* _TASK REQUIREMENTS_
Starting with the line that holds "Салфетка столовая Tkano" and stopping after the line that holds "86Плей-офф 2016 Восток", repeat the lines below word for word, without the pictures.
(Beginning of DATA FOR ANALYSIS)
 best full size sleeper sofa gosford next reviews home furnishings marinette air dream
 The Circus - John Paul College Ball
(End of DATA FOR ANALYSIS)
(Beginning of DATA FOR ANALYSIS)
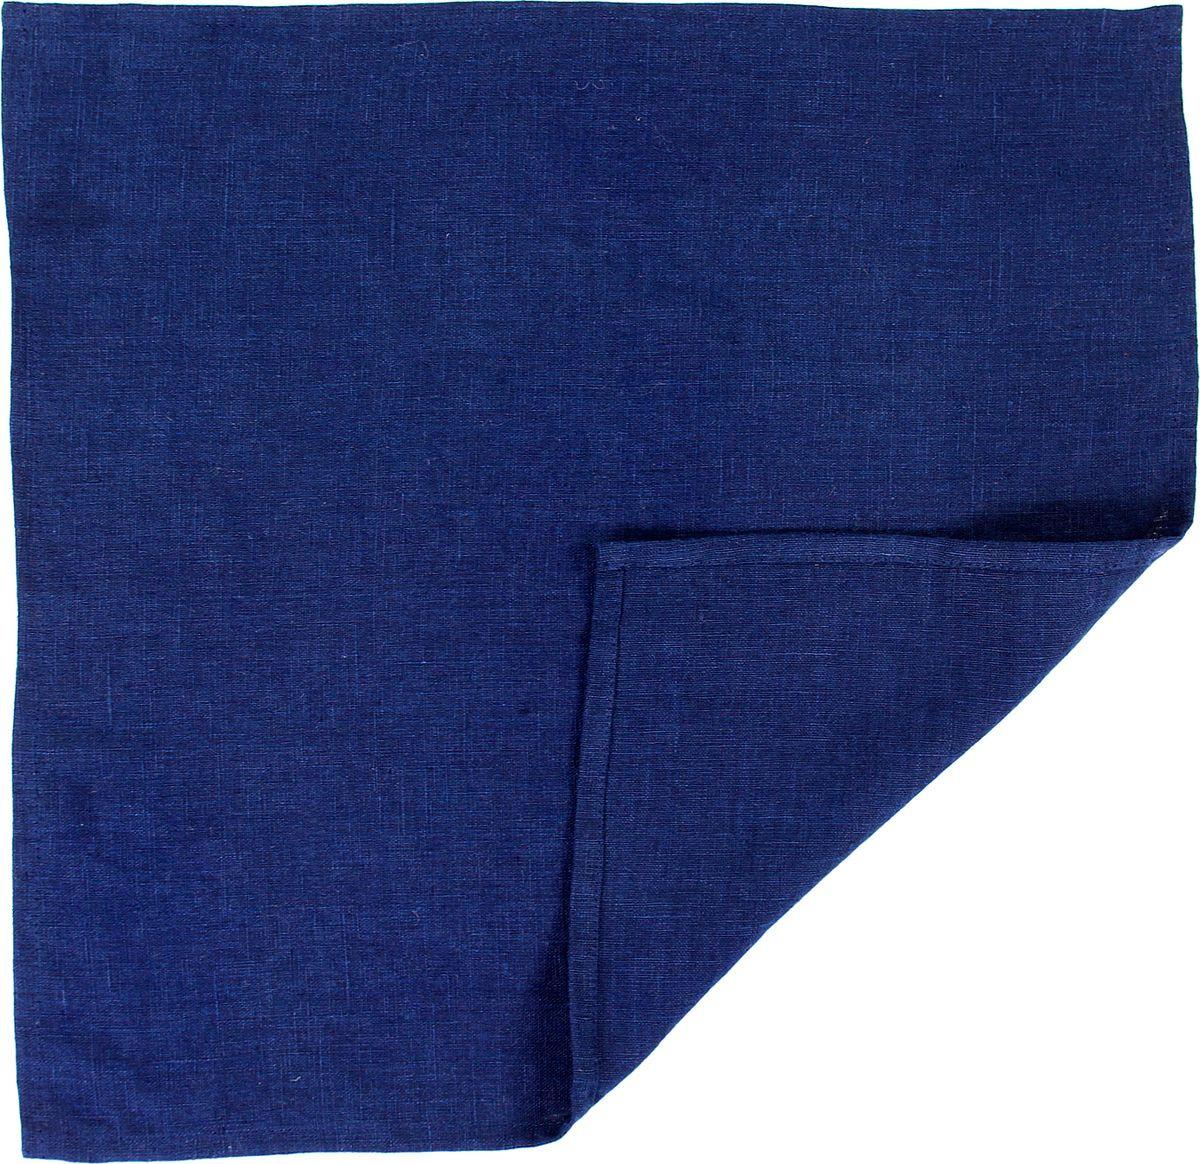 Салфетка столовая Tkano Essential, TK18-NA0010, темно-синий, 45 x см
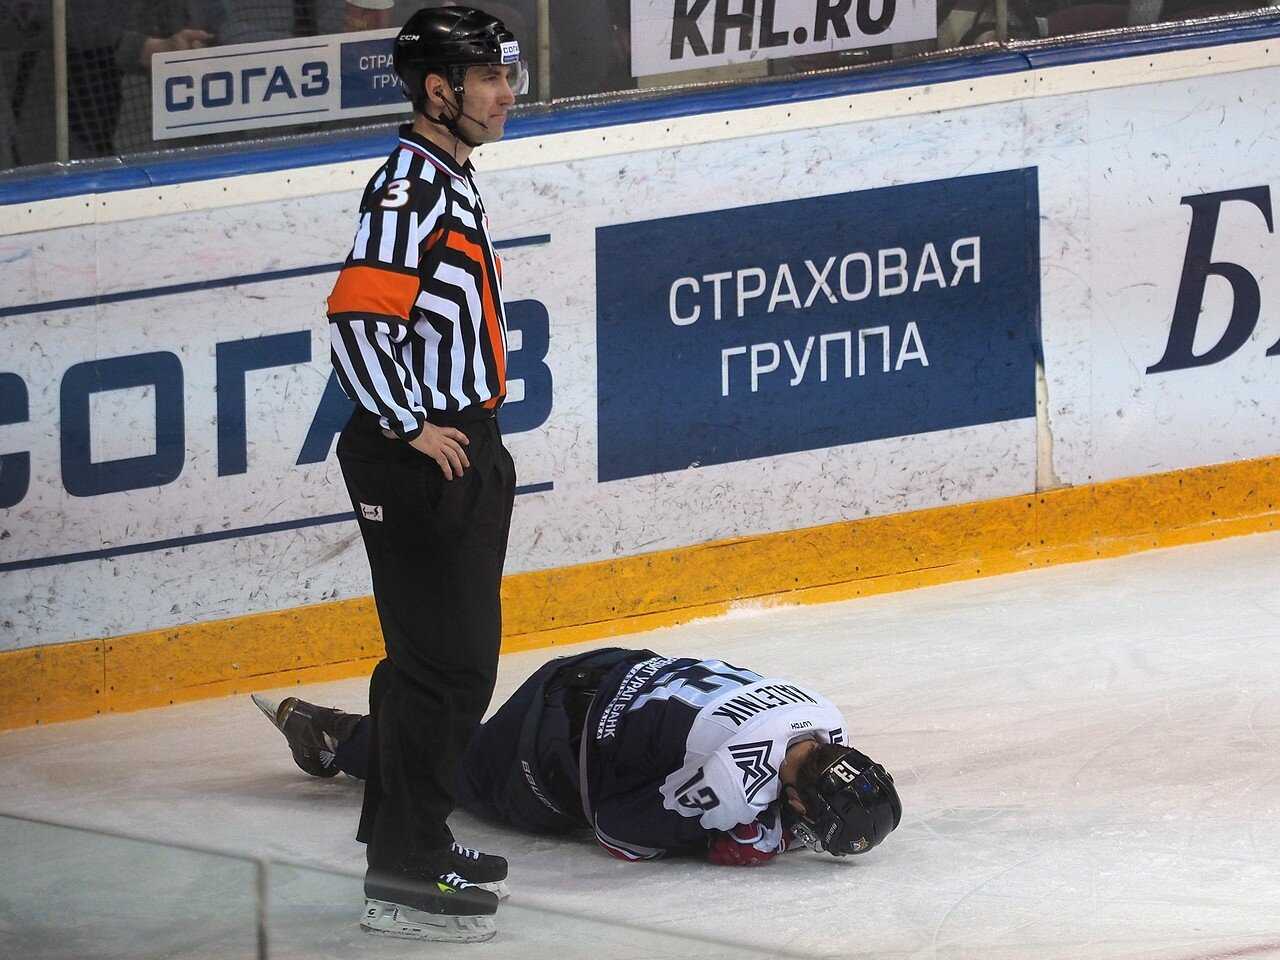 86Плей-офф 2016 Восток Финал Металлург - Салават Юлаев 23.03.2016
(End of DATA FOR ANALYSIS)
* _YOUR SOLUTION_
 Салфетка столовая Tkano Essential, TK18-NA0010, темно-синий, 45 x см
 86Плей-офф 2016 Восток Финал Металлург - Салават Юлаев 23.03.2016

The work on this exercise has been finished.